**EXERCISE AIM:**
Beneath this line are entries. Copy the range from the line with "MimioCapture se usa" to the line with "Beypazarı Belediyesi Gençlik", ends included, exactly; leave pictures out.

**INPUT MATERIAL:**
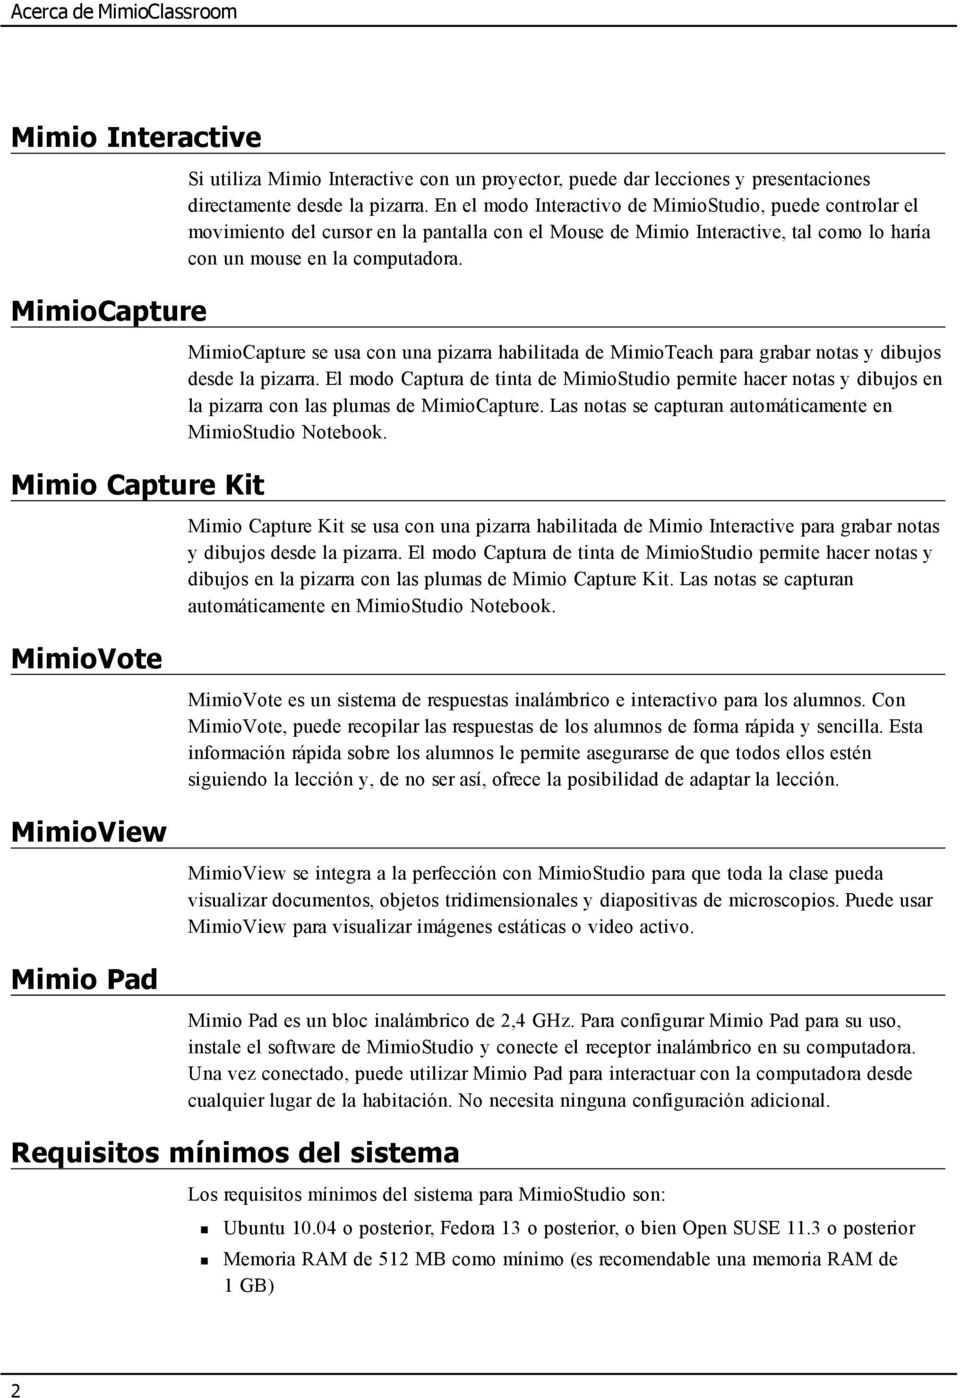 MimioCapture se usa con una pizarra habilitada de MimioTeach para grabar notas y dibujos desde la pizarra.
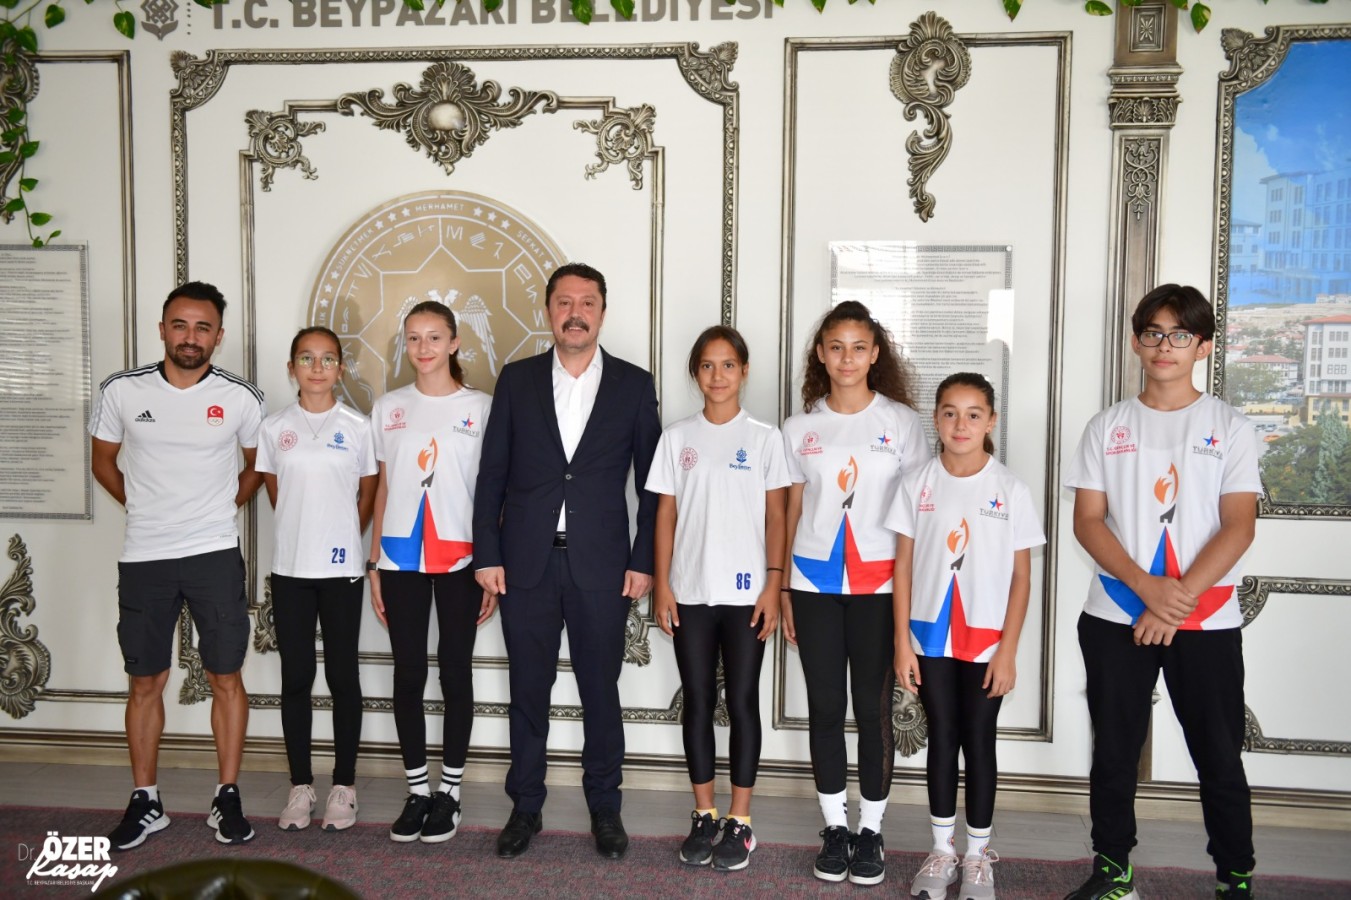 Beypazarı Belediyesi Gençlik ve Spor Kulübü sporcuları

...

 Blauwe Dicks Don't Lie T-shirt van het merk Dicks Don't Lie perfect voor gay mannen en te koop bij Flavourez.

**TASK ANSWER:**
 MimioCapture se usa con una pizarra habilitada de MimioTeach para grabar notas y dibujos desde la pizarra.
 Beypazarı Belediyesi Gençlik ve Spor Kulübü sporcuları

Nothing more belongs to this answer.